Lebanese American University


For the first time in Lebanon LAU holds Japanese Noh theater activities

Dr. Naohiko Umewaka, a well-known Noh master, led LAU events on this form of classical Japanese drama that has been performed since the 14th century.


Noh master Dr. Naohiko Umewaka (right) teaching Noh dance techniques to Lebanese actors and performing arts students.


A Lebanese actor during the performance of Umewaka's The Italian Restaurant at LAU.


Umewaka explaining the Japanese Noh theater tradition in the Gulbenkian Theatre, Beirut campus.


Umewaka teaching concentration techniques to the workshop participants.


Workshop participants rehearsing for The Italian Restaurant, a play written and directed by Umewaka.

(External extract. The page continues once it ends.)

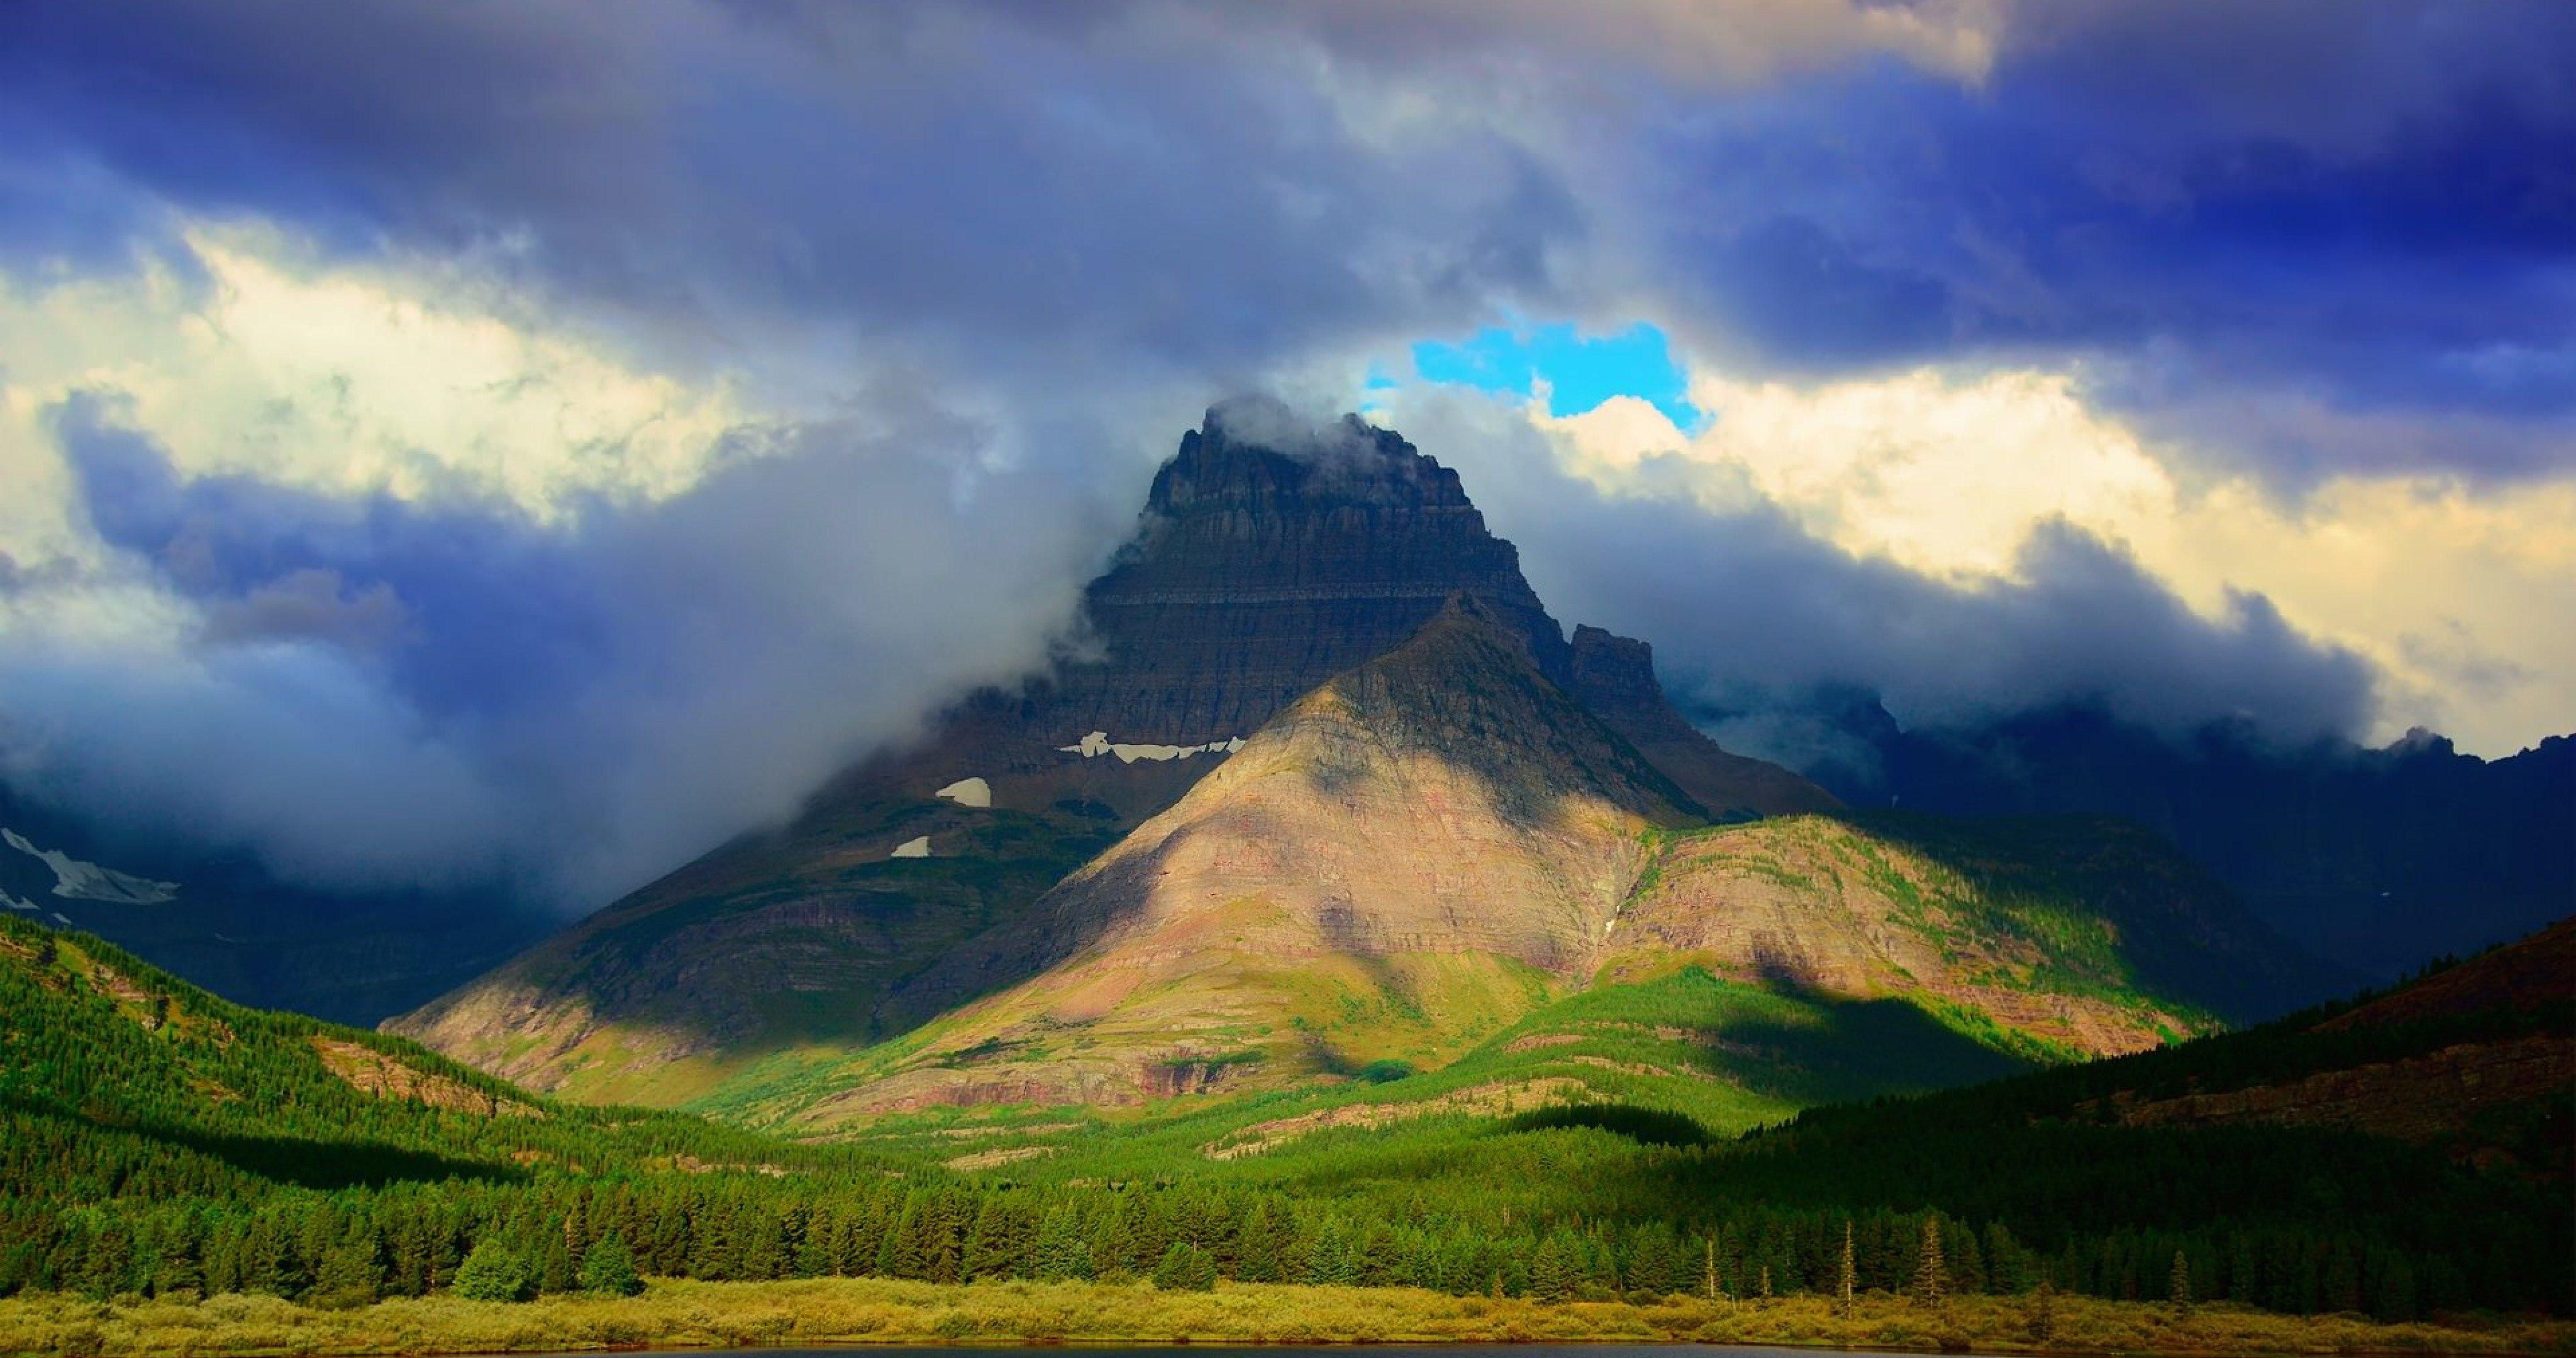 glacier national park usa 4k ultra hd wallpaper (With

Scene from The Italian Restaurant.

Click on any photo above to view all six images

When Dr. Naohiko Umewaka started talking about Noh theater, a form of classical Japanese musical drama that has been performed since the 14th century, the entire audience at LAU’s Gulbenkian Theatre was mesmerized.

Wearing his traditional kimono, the well-known Noh master demonstrated the techniques of the art form during a lecture, which was held on August 28 as part of the “Noh Theater at LAU” activities — the first of their kind in Lebanon — that took place on the Beirut campus in the end of August and beginning of September.

Umewaka said only male actors traditionally performed Noh plays — women were allowed to act only 80 years ago. He showed a traditional ritual Noh actors perform at the beginning of a performance when they salute the audience and their fellow performers. He explained traditional concentration exercises performers could use, and the specific way they should move around the stage. He also stressed the importance of showing pure — even exaggerated — emotions.

“His lecture was fantastic,” says Dr. Mona Knio, LAU associate professor of arts and communication. “He talked for two hours and then the students cornered him at the reception and asked questions for another two hours. It’s such a satisfaction to have him here,” she adds.

Besides the lecture/demo, Umewaka also led a Noh theater workshop that gathered around 20 professional actors and performing arts university students at LAU for eight days between August 29 and September 8.

During the workshop, the participants auditioned and rehearsed for Umewaka’s newest play, The Italian Restaurant, which was performed in Arabic on the Gulbenkian stage on September 8. It is a ghost story — as per Noh theater tradition — that takes place in a restaurant, Umewaka explains.

Noh theater “was so new to us,” Ahla Mawad, a professional actress who took part in the workshop, said during a rehearsal. “I had an idea about it from my theater history course in university and I have a passion to learn about any kind of theater. Now I am so fascinated that I can’t sleep at night and I write notes about what he had said to us during the day,” she added.

Umewaka says it is the first time he holds a workshop in Lebanon, although he has been married to a Lebanese for 26 years. “I know it is new to them [the participants], but most of them did very well,” he adds.

Umewaka started acting at the age of 3 and played his first main role six years later, following in the footsteps of his father, the late Naoyoshi Umewaka, who is considered a legendary Noh actor.

In 1995 Umewaka received a doctorate in drama from the University of London, where he now teaches as a visiting professor. He is also an associate professor in arts management at Shizuoka University of Art and Culture. Leader of the Umewaka Noh Theater Troupe, he has composed, choreographed and directed a number of new Noh plays.

The Noh activities at LAU were organized by LAU’s Department of Arts and Communication in collaboration with the Embassy of Japan in Lebanon and the Arab Theater Training Center.